Recognition: unknown
CoDaS: AI Co-Data-Scientist for Biomarker Discovery via Wearable Sensors
Pith reviewed 2026-05-10 10:58 UTC · model grok-4.3
The pith
A multi-agent AI system discovers 66 candidate digital biomarkers from wearable sensor data across large cohorts.
A machine-rendered reading of the paper's core claim, the machinery that carries it, and where it could break.
Core claim
CoDaS is a multi-agent system that treats biomarker discovery as an iterative workflow of hypothesis generation, statistical analysis, adversarial validation, literature-grounded reasoning, and human oversight. When applied to three wearable datasets totaling 9,279 participant-observations, the system surfaced 41 candidate features for mental health outcomes and 25 for metabolic outcomes. Notable outputs include replicated links between sleep variability and depression scores, a steps-to-resting-heart-rate fitness index, and recovery of the known AST/ALT ratio as a correlate of insulin resistance. Adding the derived features to demographic baselines produced cross-validated R-squared gains.
What carries the argument
CoDaS, the multi-agent AI co-data-scientist that structures biomarker discovery as an iterative loop of hypothesis generation, statistical analysis, adversarial validation, literature reasoning, and human oversight.
If this is right
- Sleep duration and onset variability features correlate with depression scores and replicate across separate cohorts.

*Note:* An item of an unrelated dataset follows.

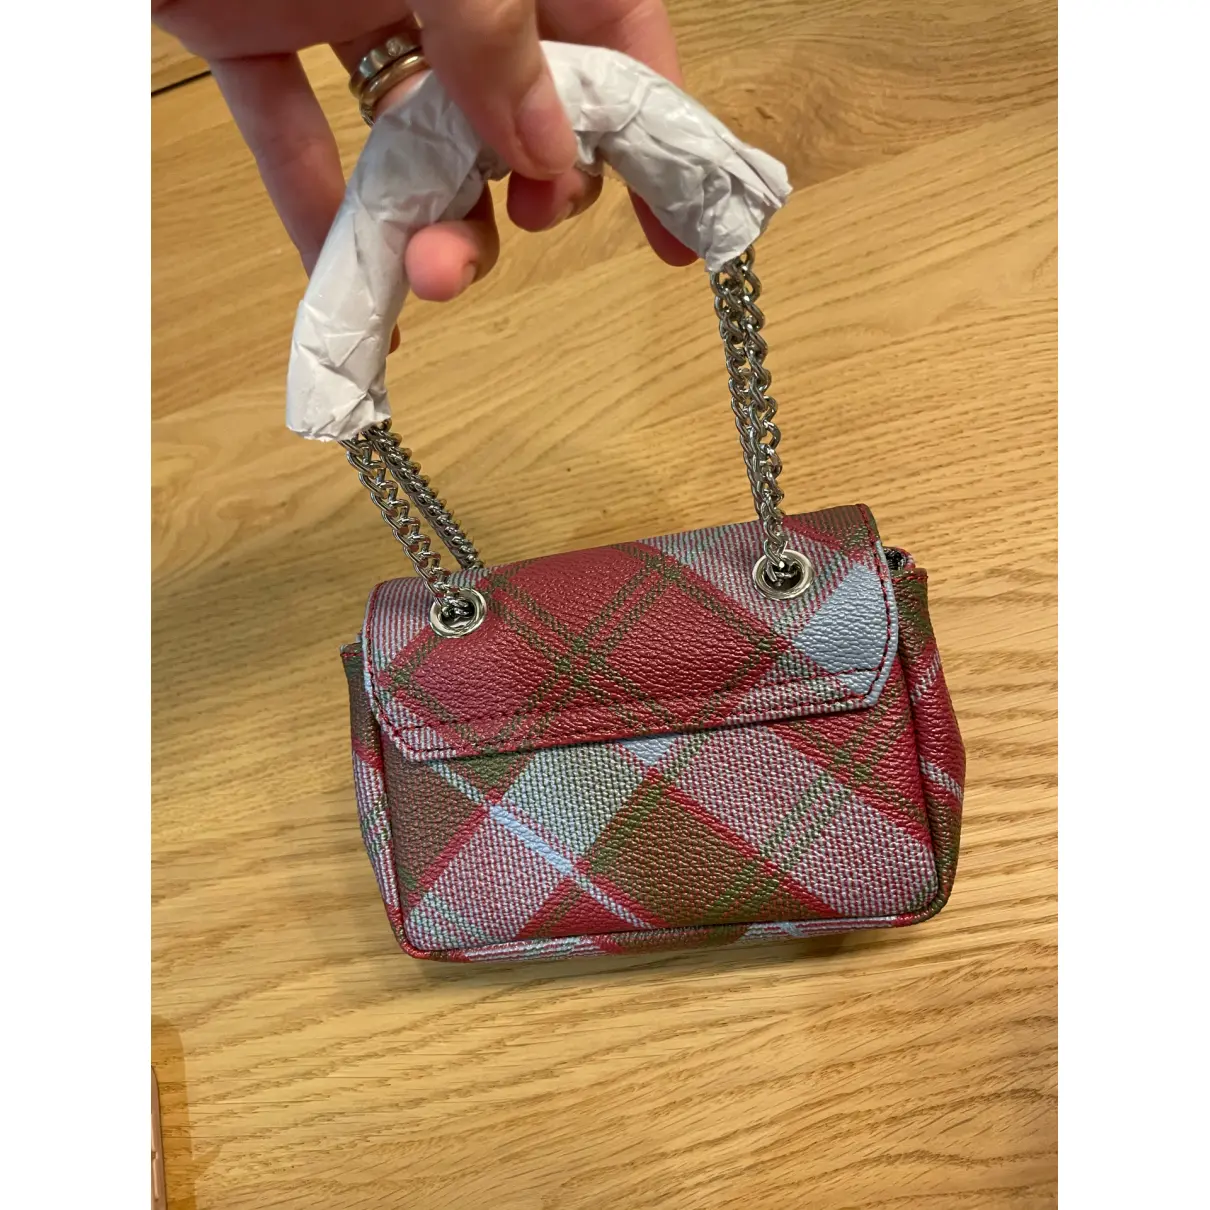 Buy Vivienne Westwood Leather mini bag online

- A cardiovascular fitness index derived from step count and resting heart rate correlates negatively with insulin resistance markers.
- The known hepatic function ratio AST/ALT is recovered as a correlate of metabolic health.

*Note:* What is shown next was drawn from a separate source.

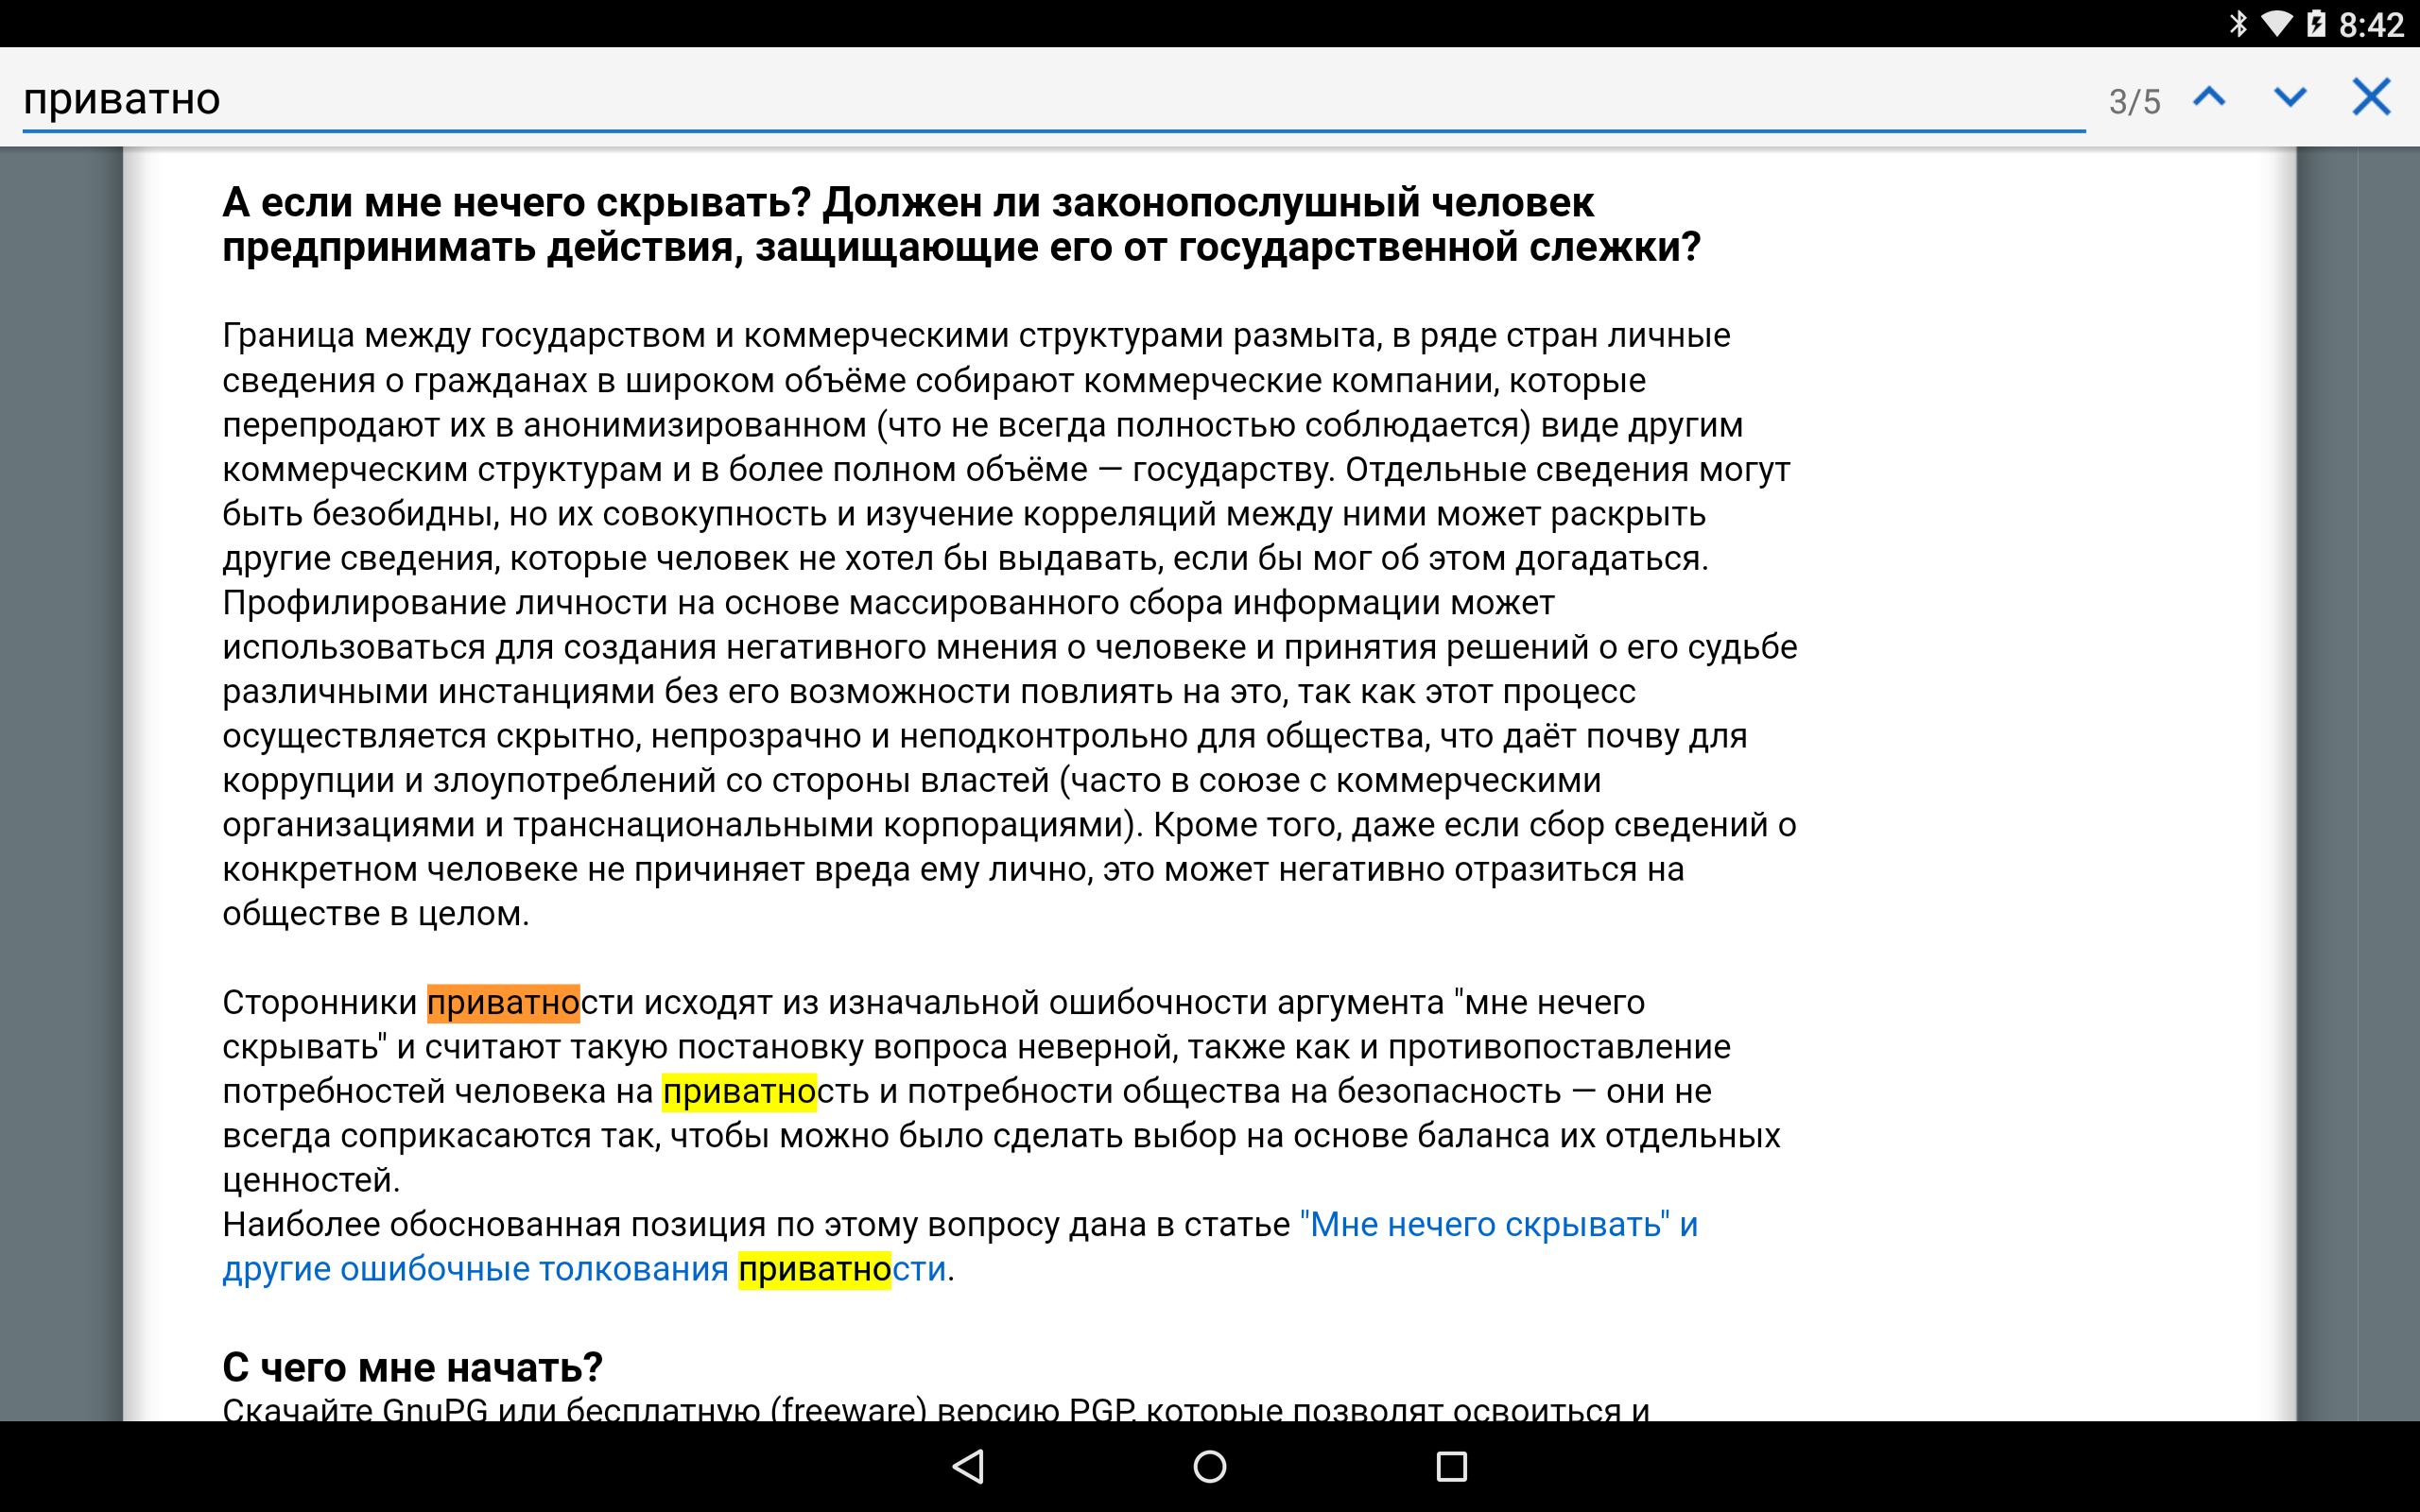 fastlane/metadata/android/ru/images/tenInchScreenshots/02-FindonPage.png

- CoDaS-derived features produce modest but consistent increases in cross-validated predictive performance when added to demographic variables.
- Each candidate biomarker passes an internal battery of replication, stability, robustness, and discriminative-power checks.

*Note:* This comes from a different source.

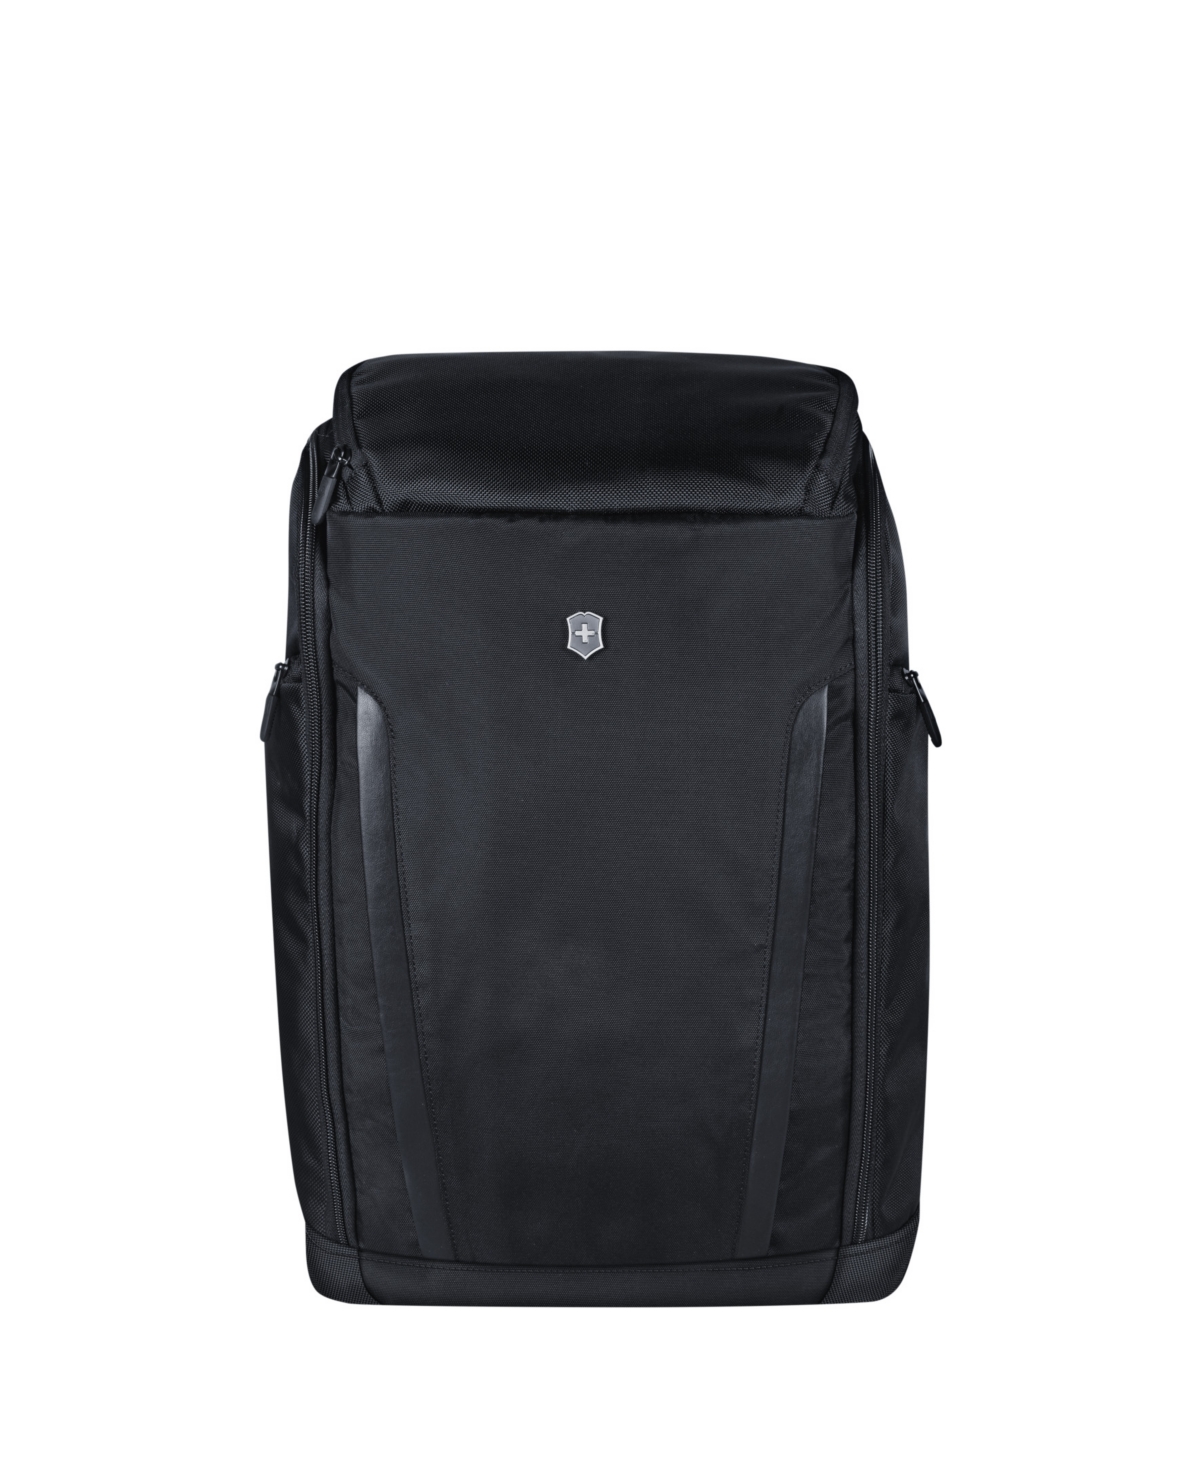 Altmont Professional Fliptop Laptop Backpack - Black

Where Pith is reading between the lines
- The same workflow could be applied to other sensor-rich domains such as respiratory or neurological conditions without redesigning the core agents.
- Widespread use might shift research effort from manual feature engineering toward validating AI-generated hypotheses at scale.
- Deploying CoDaS on streaming data from consumer devices could enable earlier detection of health shifts in real time.
- The modest performance lifts suggest the method is best viewed as a hypothesis generator that still requires traditional clinical confirmation.
Load-bearing premise
The multi-agent process with adversarial validation and human oversight can produce novel, clinically relevant hypotheses without systematic bias or overfitting to the datasets examined.
What would settle it
A new independent wearable cohort in which none of the 66 candidate biomarkers show significant correlations with the target outcomes or yield predictive gains would indicate the system did not generalize.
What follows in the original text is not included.